# Red Cherry Shrimp Questions



## aqua59 (Nov 9, 2011)

I have a 30 gallon tank with only Red Cherry shrimp in it. Heavily planted, Fuval shrimp substrate, steady 6.5 ph level. the water is clean. I purchased a colony (35 shrimp total) about a year ago. At this point I believe I have about 150 shrimp or more. They're very hard to count because of the heavy plant growth.

My question is how big will this colony get? It seems as though it's leveled off. There are always shrimp at different levels of development all over the tank. Everything is healthy. By appearance I believe there is more than enough room for the colony to grow. How big will it get? When will I know when it's peaked?

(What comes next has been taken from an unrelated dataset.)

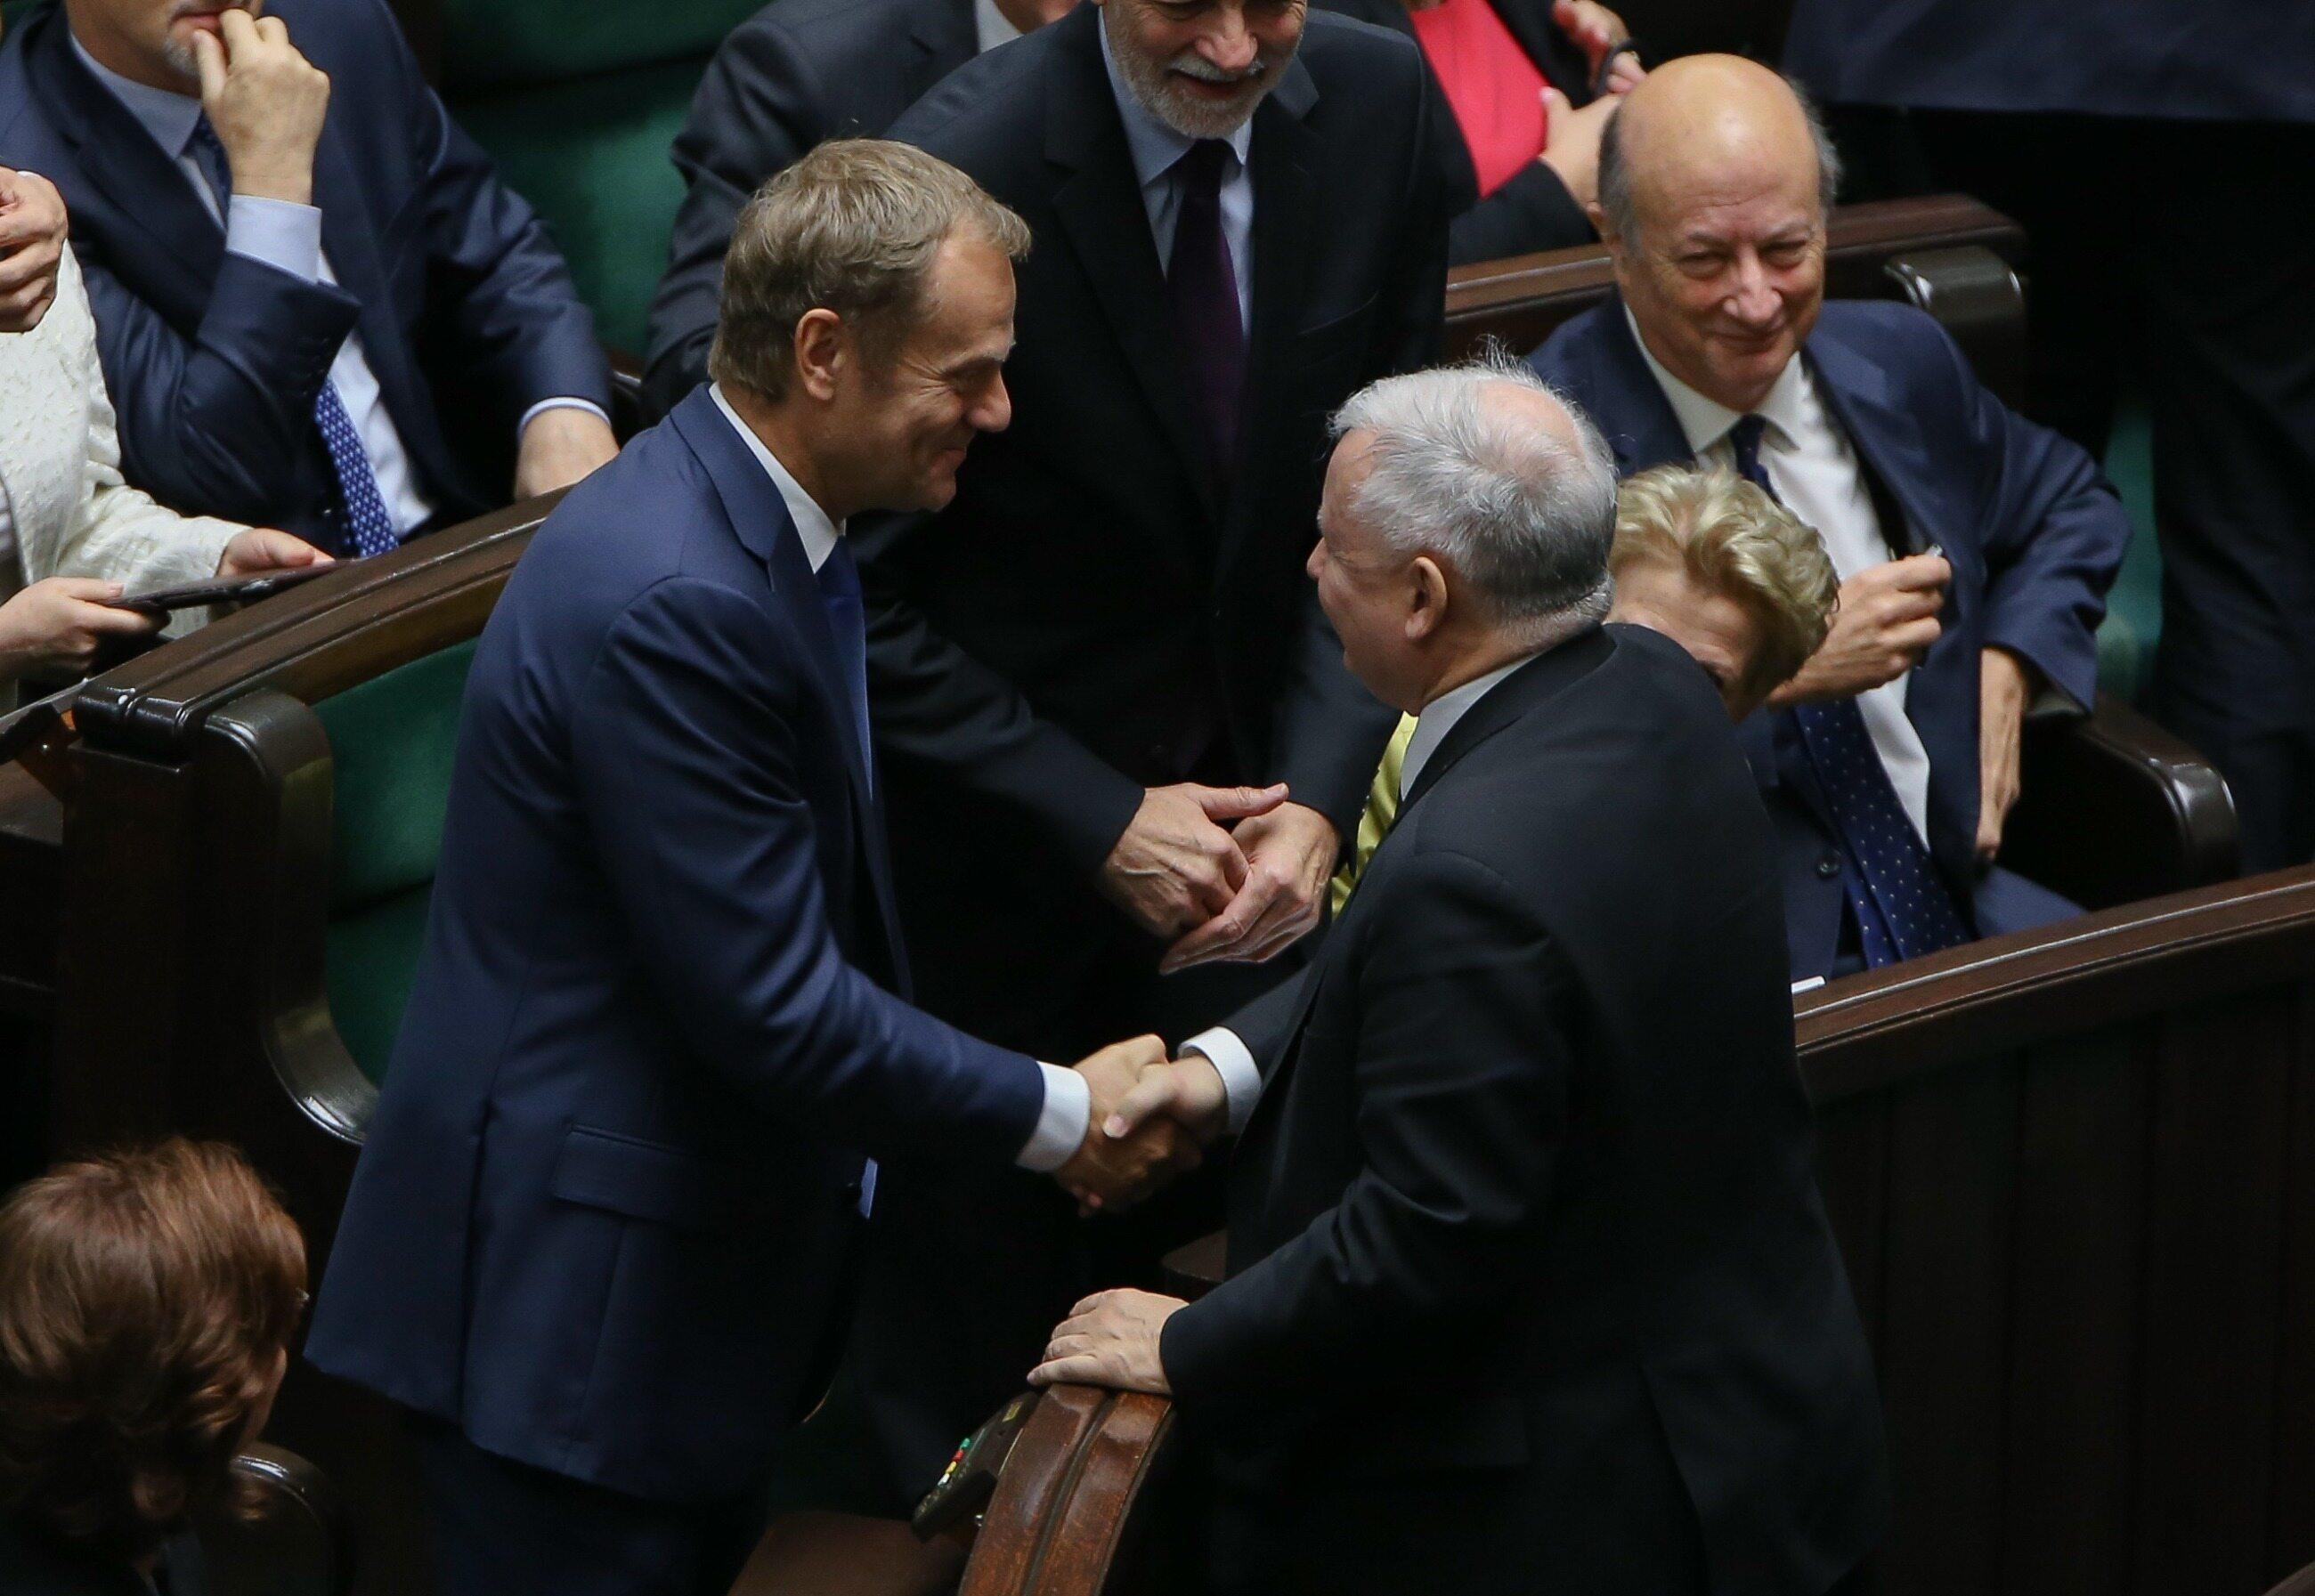 Sondaż wiarygodności polityków. Jak Polacy oceniają Tuska i Kaczyńskiego?

Bottom line. I've had trouble finding information on colony size and longevity. I welcome your in put and thoughts.


----------



## effox (Apr 21, 2010)

I had probably 100 or more in a 10 gallon. 30g's will be fine.

As far as longevity and what size, I don't have a clue, I never documented that.


----------



## Tarobot (Jun 27, 2010)

shrimps dont reproduce accorinding to tank size, so im not sure what "peaked" means. they will keep reproducing forever and ever, I've had 250+ in a 2.5g fluval spec once. somewhere along the line more will die from water changes because of inbreeding making the newborns weaker. maybe trade with another member every 6months would probably help and if all parameters are stable you can have that colony outlive yourself (theoritically).


----------



## Diztrbd1 (Apr 21, 2010)

longevity is 1-2 years, most likely depending on water parameters being optimal. As for colony size , I don't believe there is a maximum, but agree with the suggestion to get some from another colony to lower the inbreeding and strengthen the strain.


----------



## aqua59 (Nov 9, 2011)

Great information. I'll see if I can't add some from another strain. the shrimp I have appear to be very healthy. I can't recall and carcasses, ever. Thanks again for the info.


----------